Unlike many other securities (any financial instrument that can be traded) the FX market does not have a fixed  exchange. It is primarily traded through banks, brokers, dealers, financial institutions and private individuals. Trades  are executed through phone and increasingly through the Internet. It is only in the last few years that the smaller investor has been able to gain access to this market. Previously the large amounts of deposits required precluded the smaller investors. With the advent of the Internet and growing competition it is now easily in the reach of most investors.

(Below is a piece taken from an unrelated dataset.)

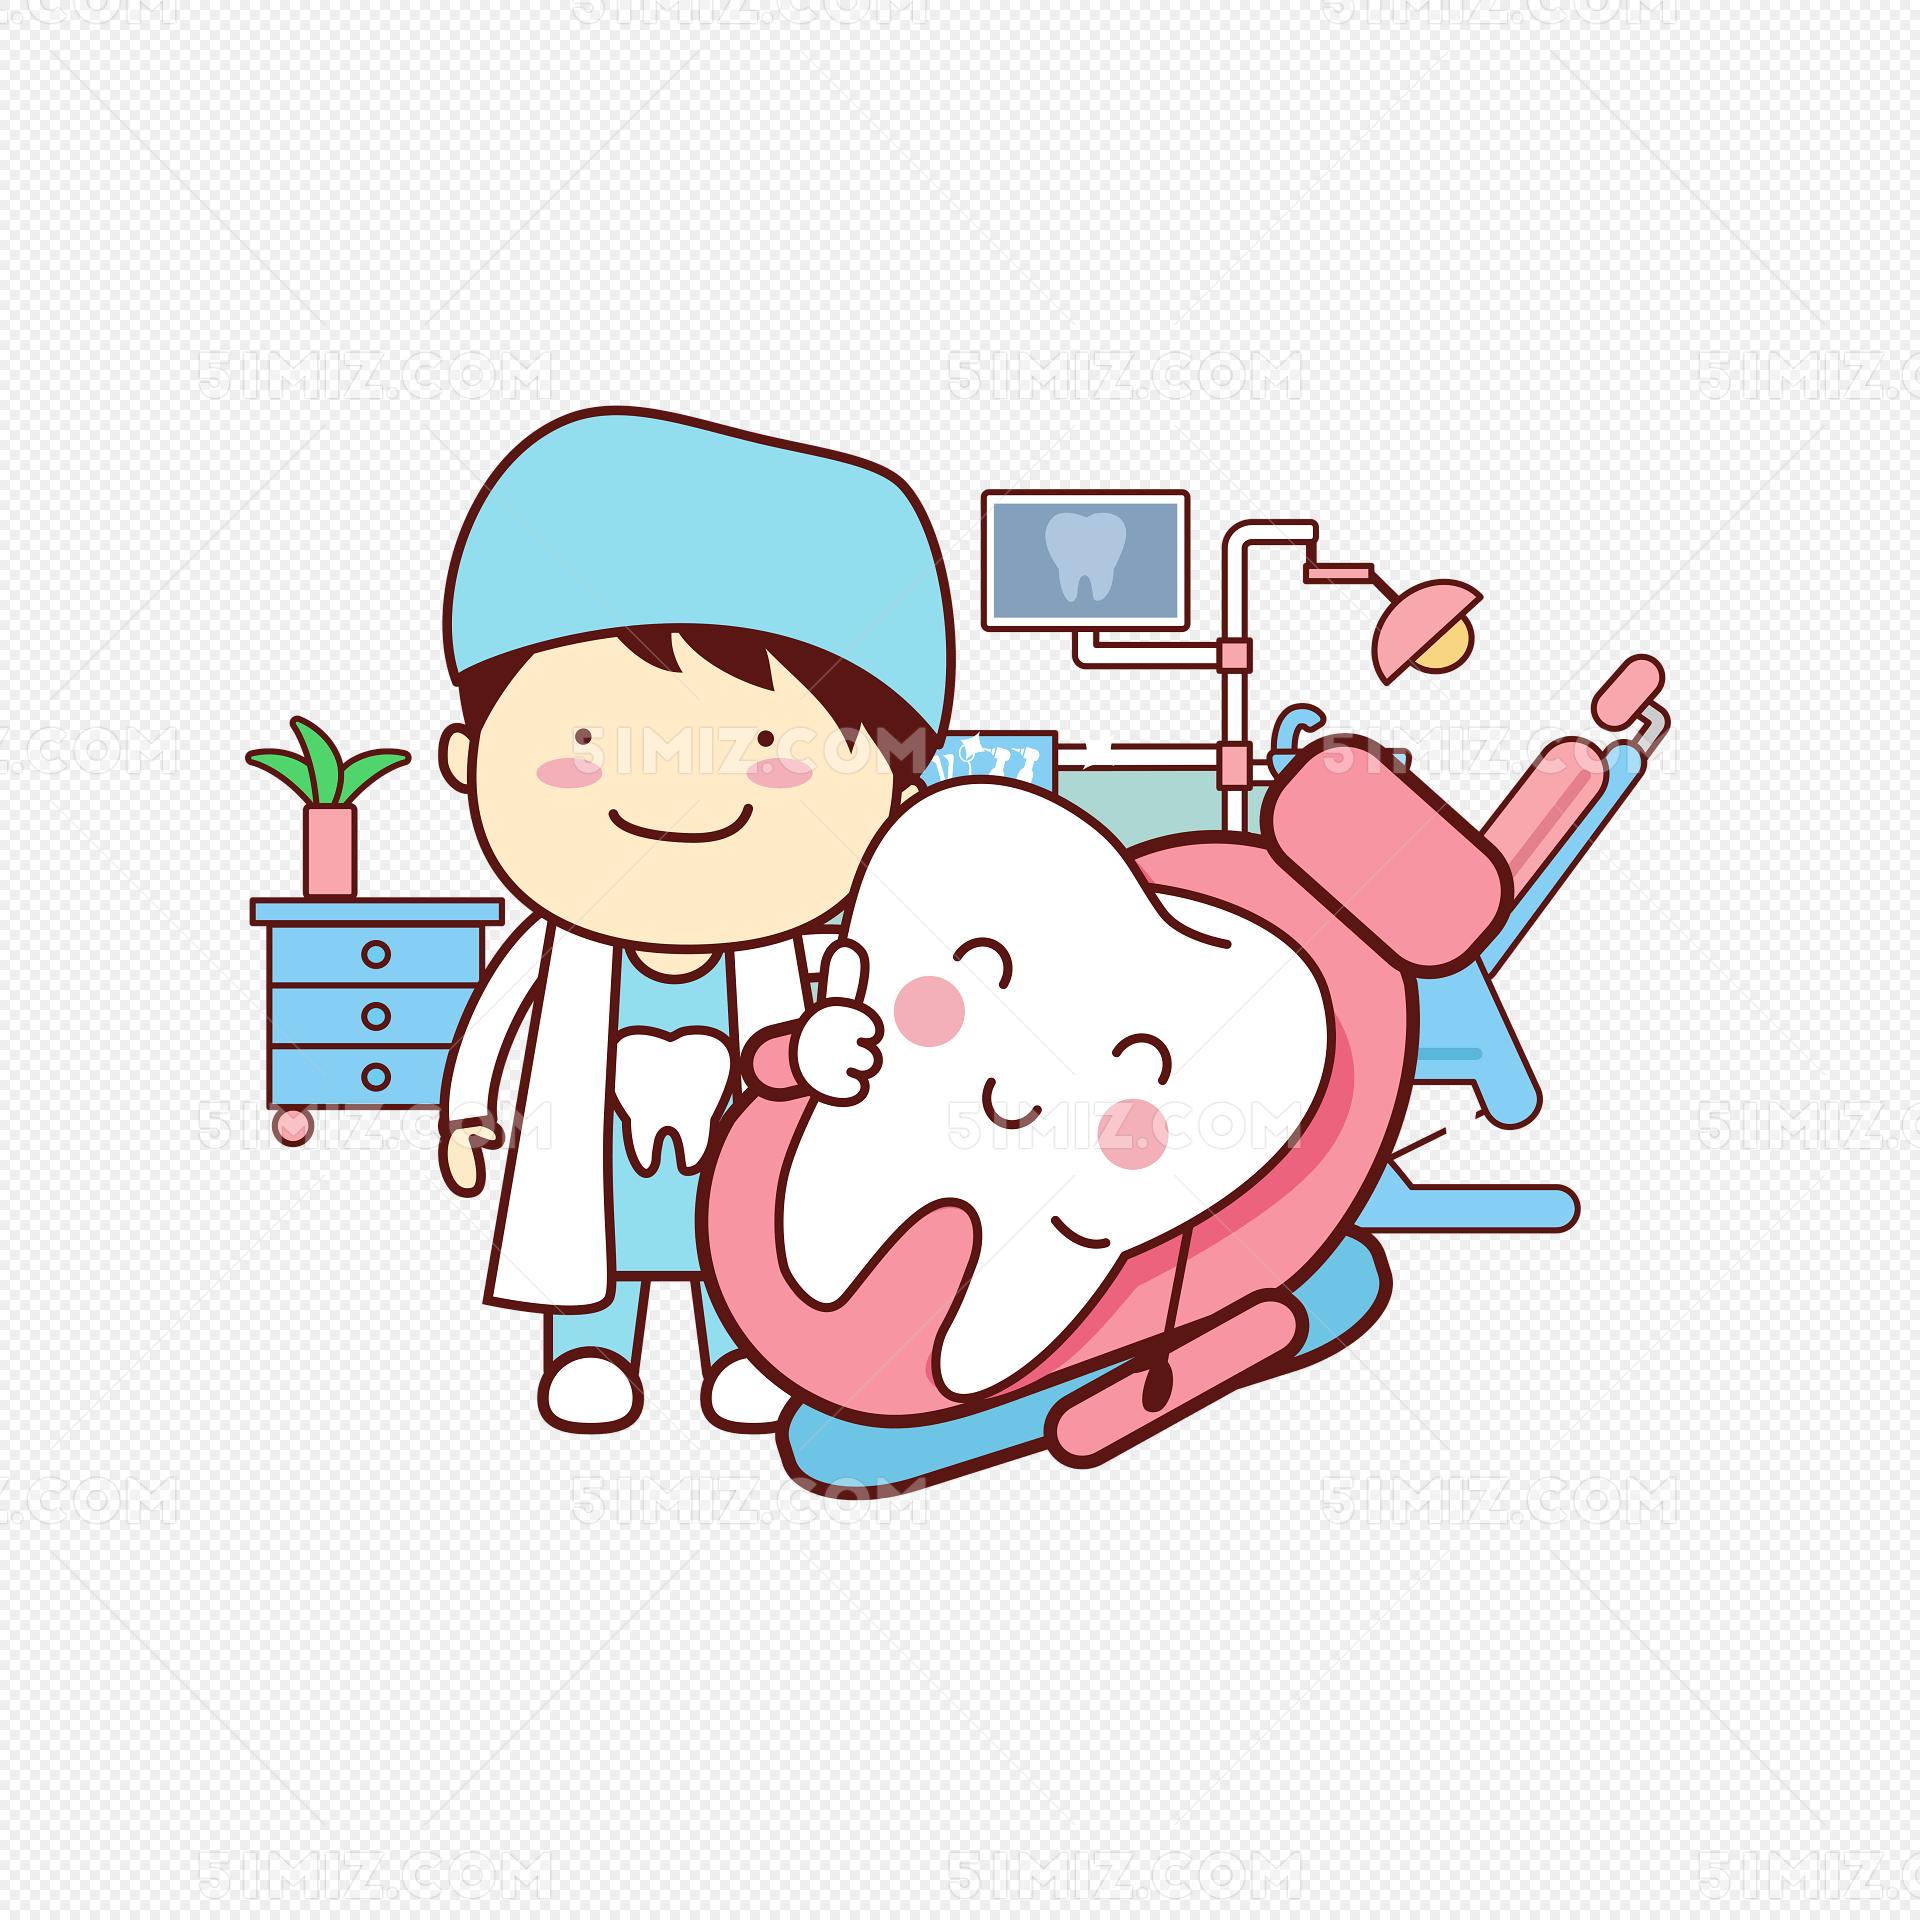 卡通牙齿矢量图

You will often hear the term INTERBANK discussed in FX terminology. This originally, as the name implies was simply banks and large institutions exchanging information about the current rate at which their clients or themselves were prepared to buy or sell a currency. INTER meaning between and Bank meaning deposit taking institutions normally made up of banks, large institution, brokers or even the government. The market has moved on to such a degree now that the term interbank now means anybody who is prepared to buy or sell a currency. It could be two individuals or your local travel agent offering to exchange Euros for US Dollars. You will however find that most of the brokers and banks use centralized feeds to insure reliability of quote. The quotes for Bid (buy) and Offer (sell) will all be from reliable sources. These quotes are normally made up of the top 300 or so large institutions. This insures that if they place an order on your behalf that the institutions they have placed the order with is capable of fulfilling the order.

Now although we have spoken about orders being fulfilled, it is estimated that anywhere from 70%-90% of the FX market is speculative. In other words the person or institution that bought or sold the currency has no intention of actually taking delivery of the currency. Instead they were solely speculating on the movement of that particular currency.